There are several other weighty factors which justify that the exchange rate of NOK at the time when the individual claim in foreign currency was paid must be used as a basis. The Court takes its point of departure from s 7 of the Promissory Notes Act:
If the promissory note is denominated in a currency that does not apply where the promissory note is paid, it can be paid with such money as is valid in the place according to the value on the day of payment, unless otherwise agreed.
The principle expressed in s 7 of the Promissory Notes Act must be given considerable weight. Compensation law considerations also support that the time of payment should be used as a basis. The injured party must have its financial loss covered: see also s 4-1 of the Damages Compensation Act. The time the individual claim in foreign currency was paid is the time the loss has been suffered.
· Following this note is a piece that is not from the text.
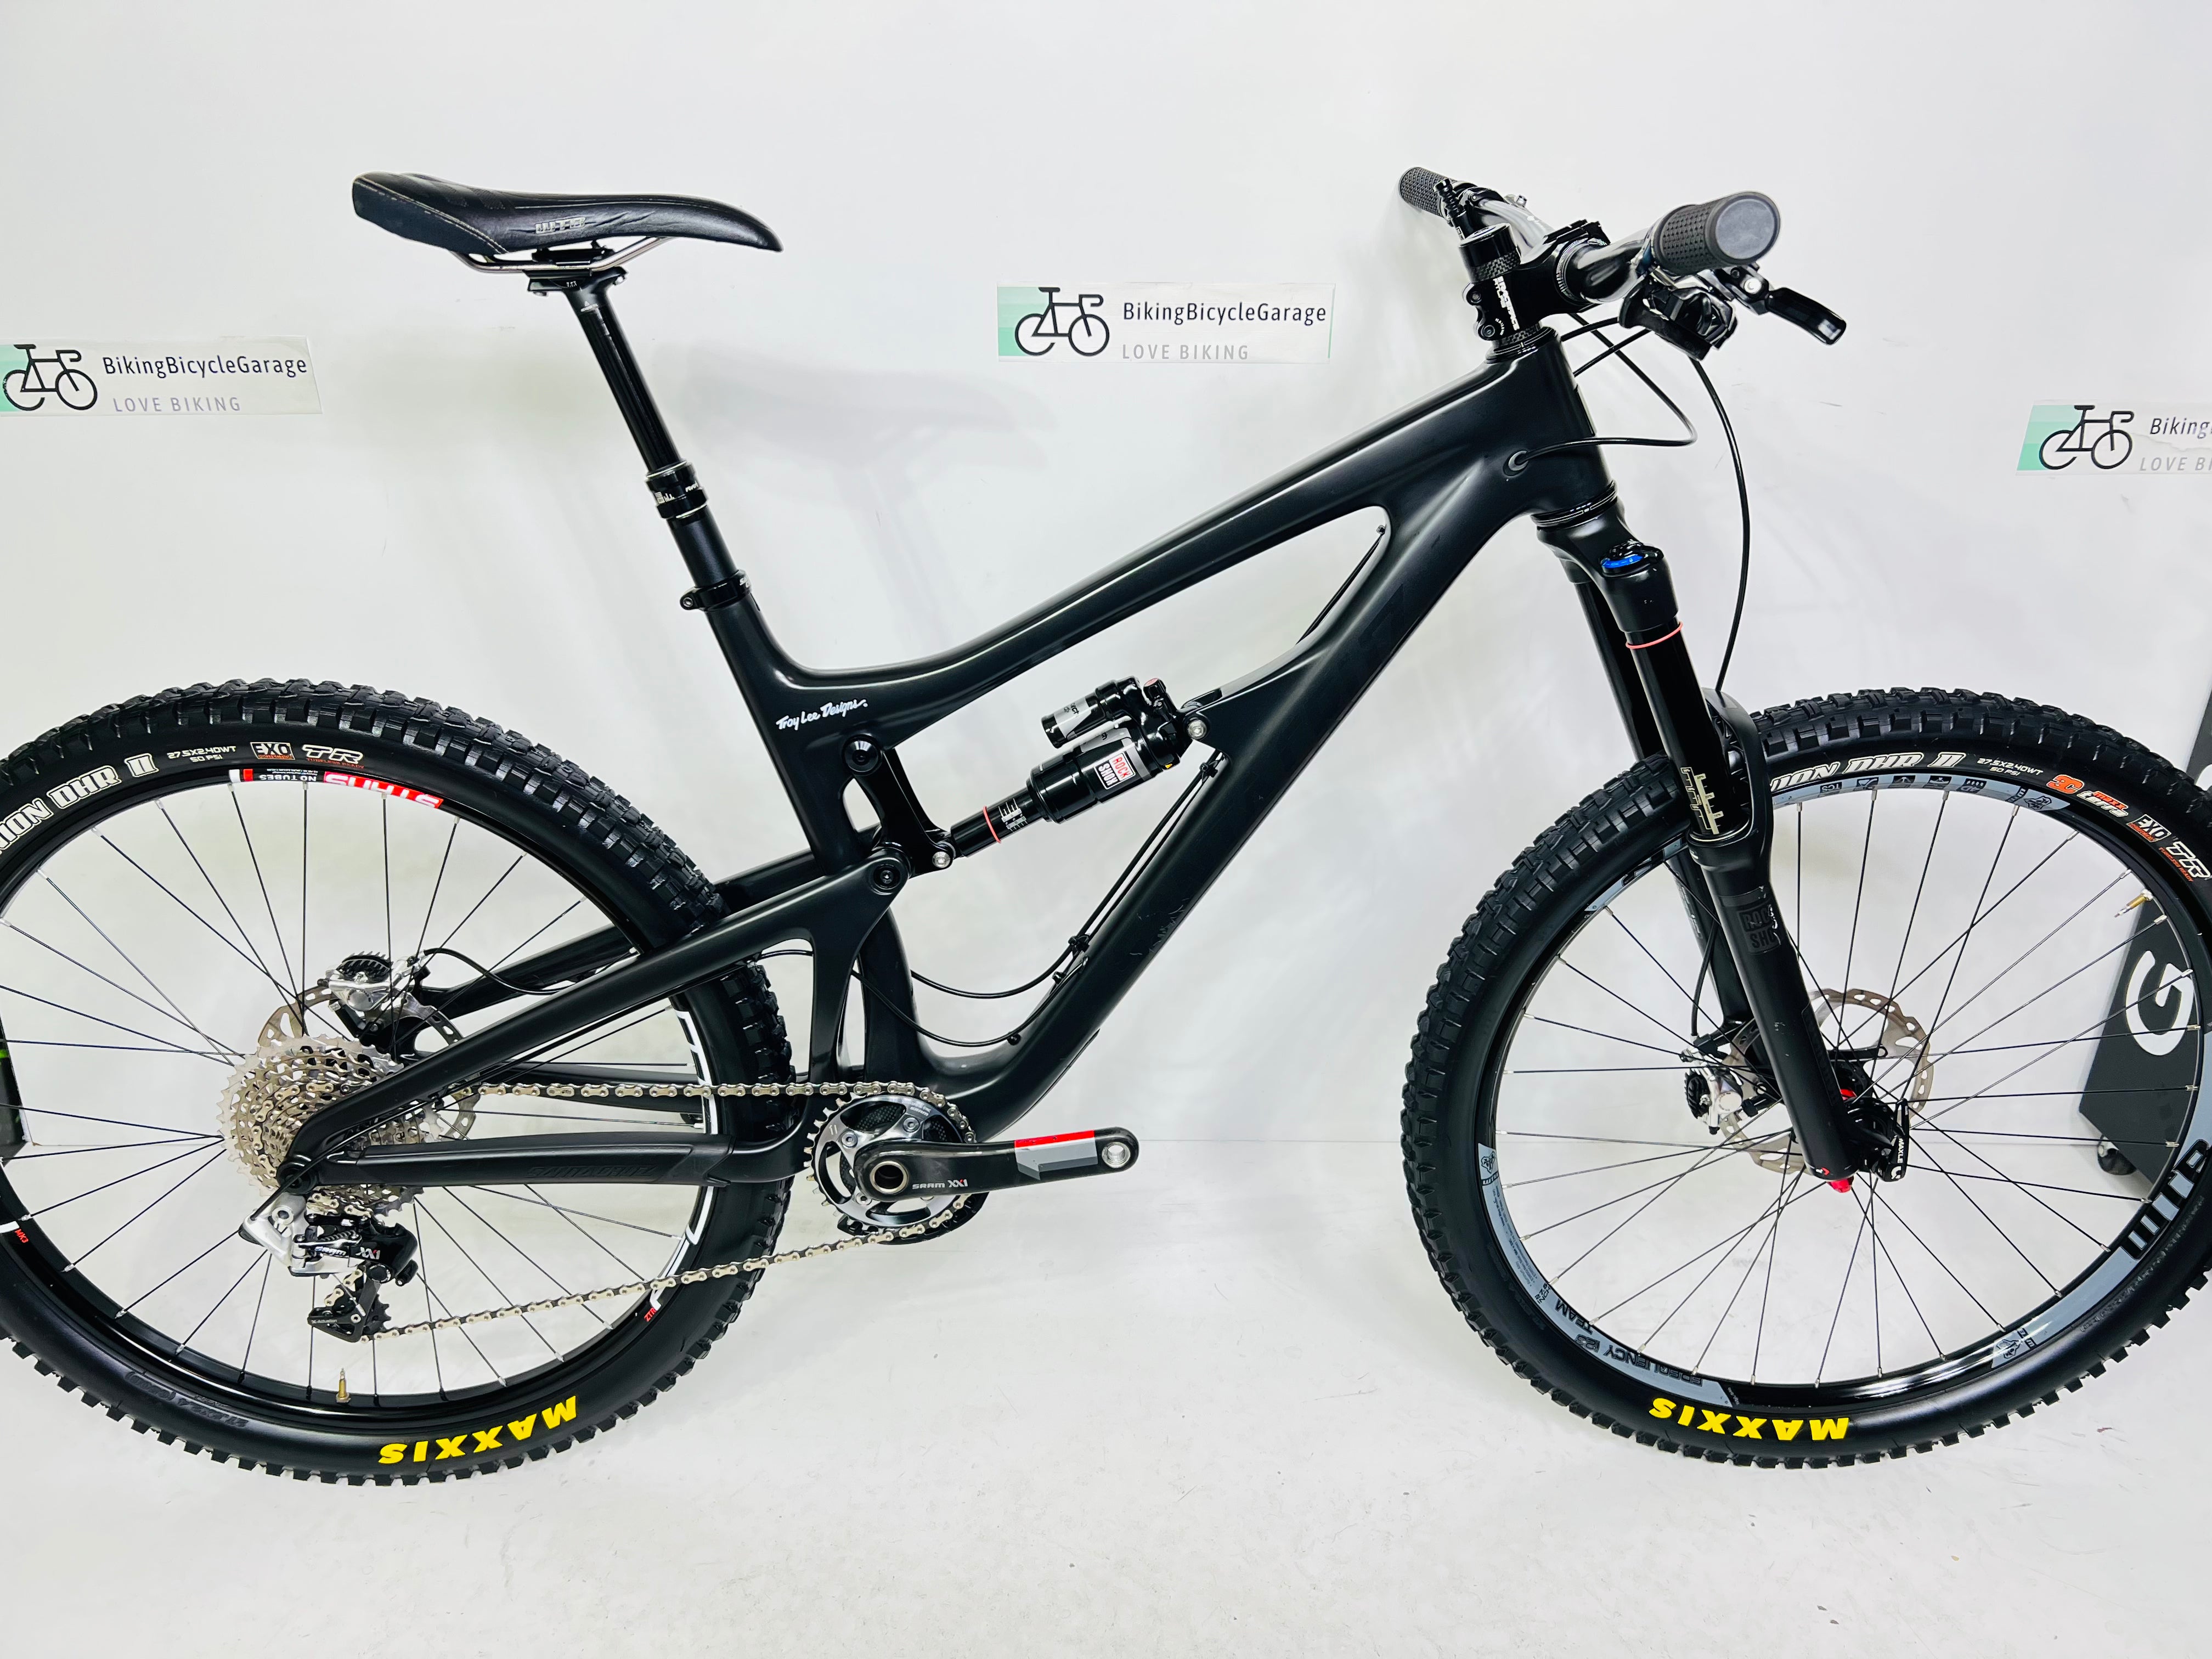 Santa Cruz Nomad C Carbon Fiber Mountain Bike-2015, Large, XX1 / XTR
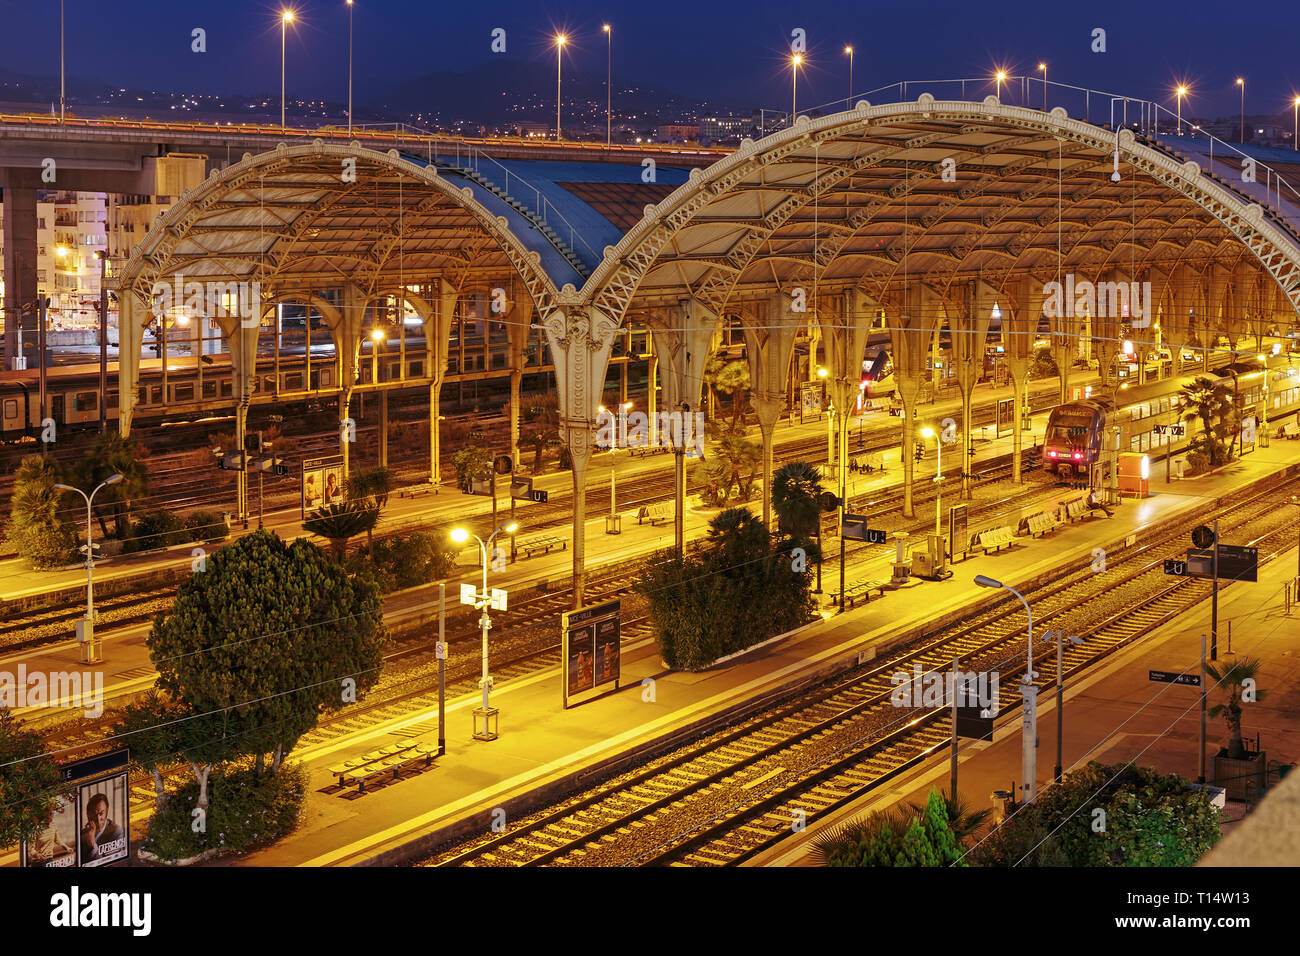 NICE, FRANCE - NOVEMBER 2, 2014: Railway Station In Nice at night Stock Photo

The time of payment provides a neutral and fair solution for disbursements made before and after the constitution of the limitation fund. Nothing has emerged to suggest that the time of fund constitution is preferable based on more technical legal assessments. A solution based on the time of payment is also applicable in the case of limitation without a fund: see § 180 of the Maritime Code, since there is then no time of fund constitution.
In summary, after an overall assessment, the Court's view is that the NOK exchange rate at the time of payment should be used as a basis. There is no basis for an analogy from the bankruptcy court for the question of which point in time should be used as the basis for conversion. The principle expressed in s 7 of the Promissory Notes Act provides considerable support for this understanding. It is also a practical rule, and real considerations clearly support that the time of payment should be decisive.
[For the unsuccessful appeal to the Supreme Court, see The State/Ministry of Industry and Fisheries v Assuranceforeningen Gard HR-2023-1157-A (CMI2256).]